Starring: Meryl Streep, Jim Broadbent, Alexandra Roach, Olivia Colman
Director: Phyllida Lloyd
Running Time: 1 hour, 45 minutes
Rating: PG-13

The incomparable Meryl Streep. No one does it like Meryl, and no one ever will. She has to know the tremendous impact she’s had on every single actor in the world. Meryl holds the record for Academy Award nominations - 17 nominations and 2 wins - and set the precedent for what it means to be a brilliant performer. I couldn’t tell you my favorite Meryl movie (too many to name), but anyone who can go from “Sophie’s Choice” to “Mamma Mia,” and from “Out of Africa” to “The Devil Wears Prada” is simply transcendent. I could make an entire blog post devoted to the powers of Meryl, and I probably will one of these days, but for now, I’ll stick to her latest masterpiece as Margaret Thatcher in “The Iron Lady.”

In this historical biopic, Meryl portrays Great Britain’s first female Prime Minister from the time she was elected, to her later years when she began suffering from dementia. The 7-8 hours spent in the make-up chair daily did wonders; she is unrecognizable in these later scenes. Though he will always be Harold Zidler from "Moulin Rouge" to me, Jim Broadbent is wonderful as her husband Denis, and is hugely supportive of Margaret. His character also provides the audience some comic relief. It’s not until a few scenes in that we discover he is deceased, and her conversations with him were purely hallucinations.

I didn’t know much about Margaret Thatcher before I saw the film, so I found her rags to riches story incredibly interesting. Born the daughter of a grocery store owner, Thatcher defied stereotypes and proclaimed she “wouldn’t die washing a teacup.” Alexandra Roach is a magnificent new-comer, and was perfectly cast as a young Margaret. Even as a teen, she knew her life meant something, and it was up to her to fulfill her destiny. After years in Parliament and fighting her way to become one of the few women in the British government, she became the longest-serving Prime Minister, much to the public’s dismay. She wasn’t England’s sweetheart, or as loved as I had imagined her being; instead she was well-respected for her unwavering views on what makes a country great.

After watching some real-life Margaret Thatcher clips, Meryl absolutely nailed this performance. From the voice, to her posture, to the way her mouth moved when she spoke, Meryl became Margaret. The scenes of her struggles with dementia were heart-breaking, but did seem to linger a bit too long. I think it’s interesting that the poster for this movie shows London’s skyline shadowed against Thatcher’s face, but it also looks like her head is half-erased or fading, symbolizing the dementia that ultimately made her memory fade.

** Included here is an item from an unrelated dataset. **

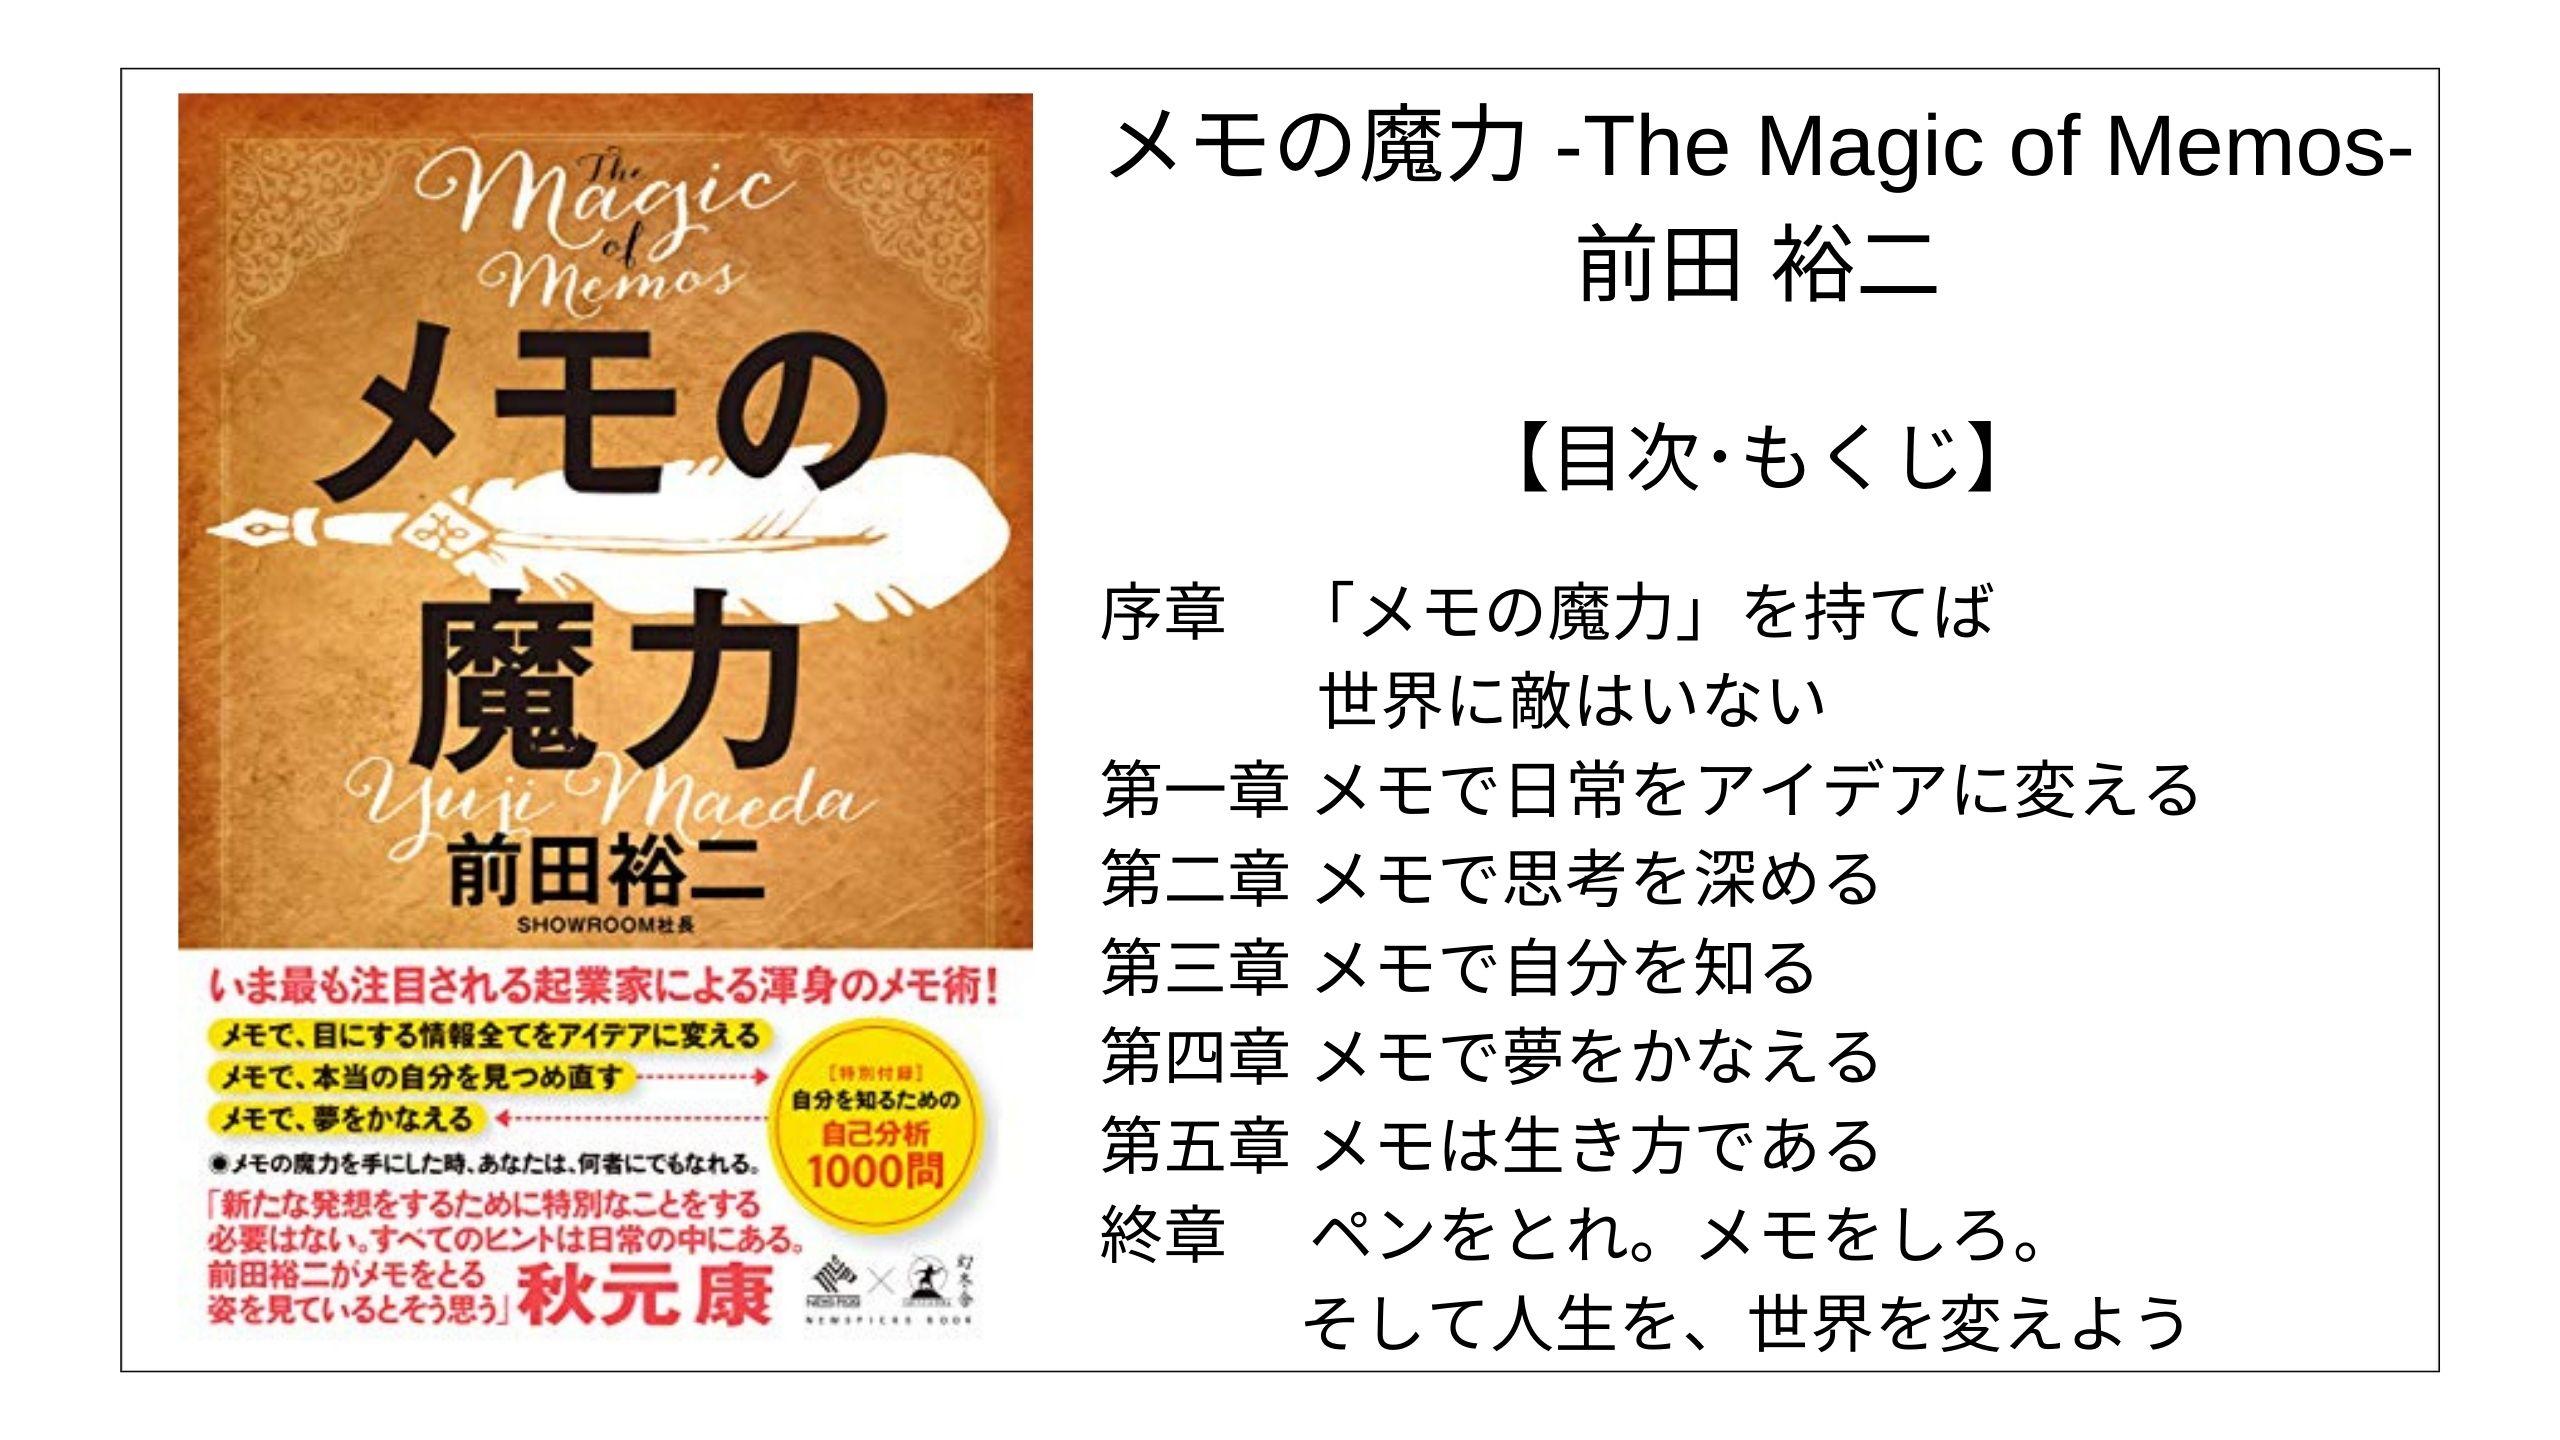 【目次】メモの魔力 -The Magic of Memos- / 前田 裕二【要点】 モクホン 本の目次を読むサイト

I see why this wasn’t nominated for Best Picture, but this is absolutely the Best Performance by an Actress in a Leading Role this year. I found this to be a very empowering and inspiring film, partly because I’m a woman, but also because Margaret made me want to do something truly significant with my life, as she did with hers. This story is a great piece of history, and this performance is another one of Meryl’s roles we’ll remember for decades to come.